*Records to use:*
--- START ---
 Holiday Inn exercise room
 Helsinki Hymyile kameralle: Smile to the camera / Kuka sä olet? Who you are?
--- END ---
--- START ---
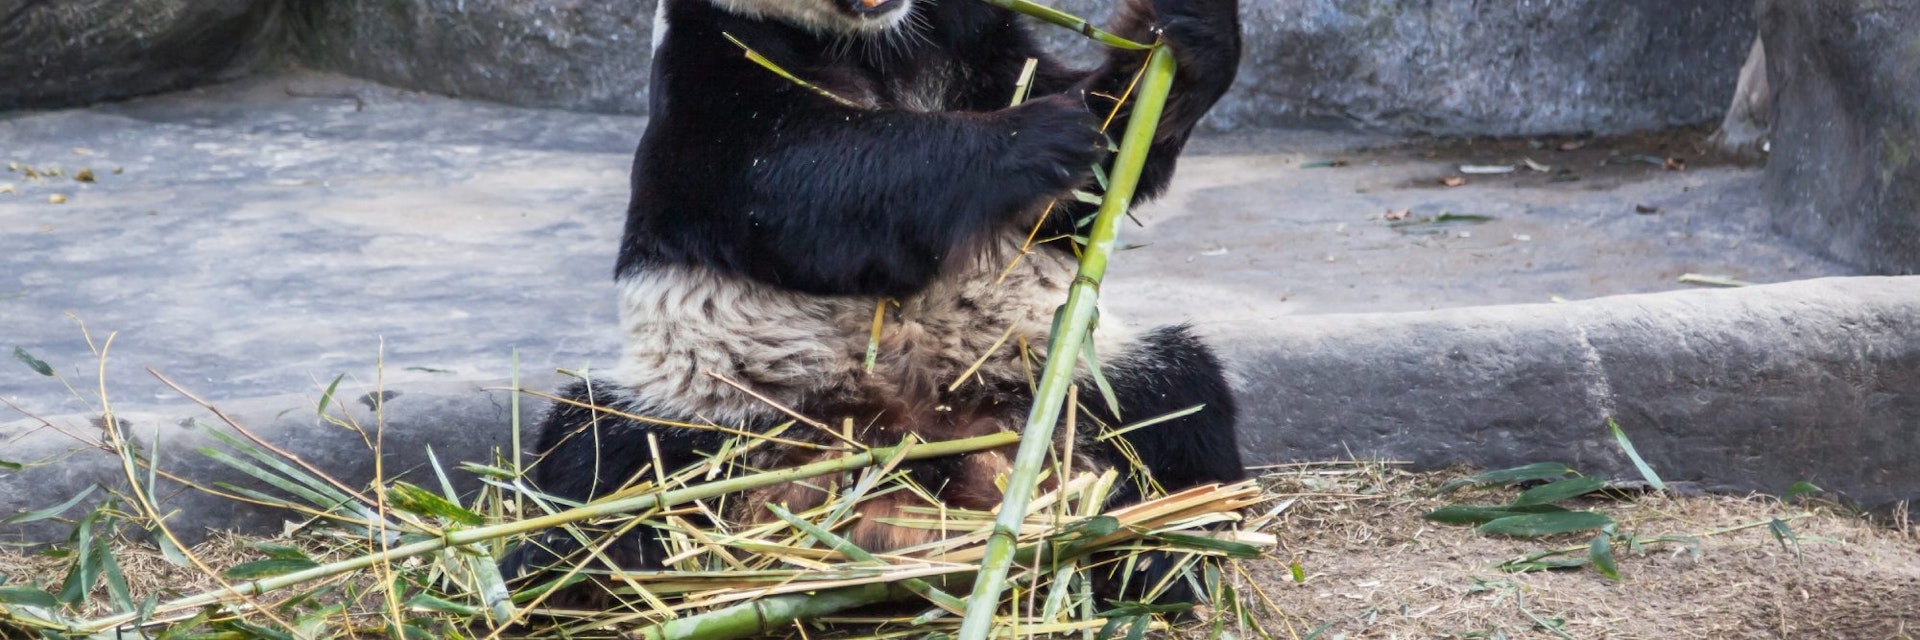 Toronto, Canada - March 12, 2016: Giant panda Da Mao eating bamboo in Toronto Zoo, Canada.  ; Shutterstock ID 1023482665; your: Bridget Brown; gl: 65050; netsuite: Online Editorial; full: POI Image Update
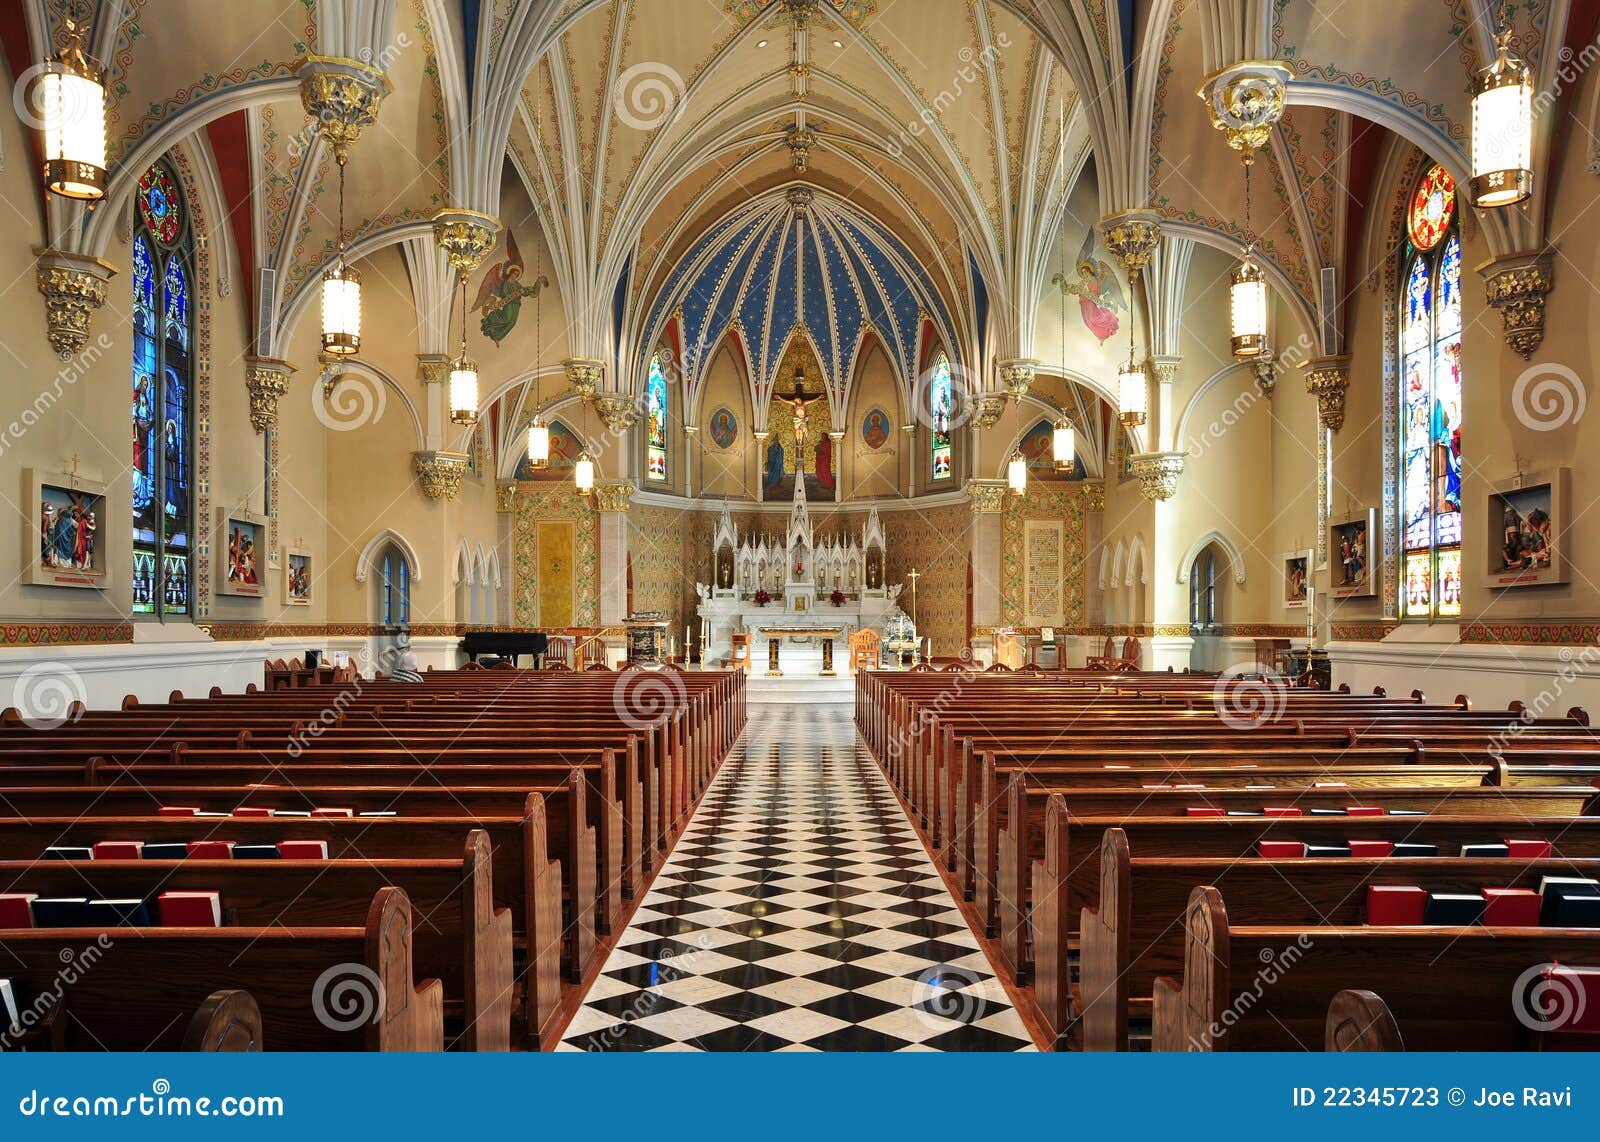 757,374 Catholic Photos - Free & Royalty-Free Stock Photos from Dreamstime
--- END ---
*Exercise:* Start with the line above that contains "Holiday Inn exercise room" and end with the line that contains "Helsinki Hymyile kameralle: Smile". Write out those lines exactly, and only those.

*Response area:*
 Holiday Inn exercise room
 Helsinki Hymyile kameralle: Smile to the camera / Kuka sä olet? Who you are?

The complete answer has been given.